> EXTRACTED ENTRIES
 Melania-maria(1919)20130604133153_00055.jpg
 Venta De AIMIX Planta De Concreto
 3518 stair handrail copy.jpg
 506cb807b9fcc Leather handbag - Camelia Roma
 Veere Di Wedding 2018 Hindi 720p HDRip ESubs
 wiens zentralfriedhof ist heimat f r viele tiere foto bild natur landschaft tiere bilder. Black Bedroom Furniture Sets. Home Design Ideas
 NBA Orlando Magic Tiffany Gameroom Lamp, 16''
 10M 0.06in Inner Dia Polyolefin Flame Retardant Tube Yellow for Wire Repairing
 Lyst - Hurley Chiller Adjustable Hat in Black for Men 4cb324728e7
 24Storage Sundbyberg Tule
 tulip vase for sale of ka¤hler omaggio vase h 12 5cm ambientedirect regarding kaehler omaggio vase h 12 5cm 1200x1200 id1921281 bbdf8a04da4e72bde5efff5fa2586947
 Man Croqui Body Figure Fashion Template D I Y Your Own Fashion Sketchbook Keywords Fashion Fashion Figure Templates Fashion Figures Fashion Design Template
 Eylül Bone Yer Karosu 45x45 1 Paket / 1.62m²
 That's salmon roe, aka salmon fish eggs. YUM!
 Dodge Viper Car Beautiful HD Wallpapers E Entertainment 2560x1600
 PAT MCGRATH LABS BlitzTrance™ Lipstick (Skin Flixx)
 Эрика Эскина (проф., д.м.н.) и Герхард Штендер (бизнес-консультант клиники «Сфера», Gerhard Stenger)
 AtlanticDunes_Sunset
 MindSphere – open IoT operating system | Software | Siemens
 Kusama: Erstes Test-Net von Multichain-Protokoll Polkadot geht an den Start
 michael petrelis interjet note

> ABOUT THIS EXERCISE
An exact repetition of the material above is required, from its first line through the line holding "10M 0.06in Inner", with nothing added.

> RESPONSE BOX
 Melania-maria(1919)20130604133153_00055.jpg
 Venta De AIMIX Planta De Concreto
 3518 stair handrail copy.jpg
 506cb807b9fcc Leather handbag - Camelia Roma
 Veere Di Wedding 2018 Hindi 720p HDRip ESubs
 wiens zentralfriedhof ist heimat f r viele tiere foto bild natur landschaft tiere bilder. Black Bedroom Furniture Sets. Home Design Ideas
 NBA Orlando Magic Tiffany Gameroom Lamp, 16''
 10M 0.06in Inner Dia Polyolefin Flame Retardant Tube Yellow for Wire Repairing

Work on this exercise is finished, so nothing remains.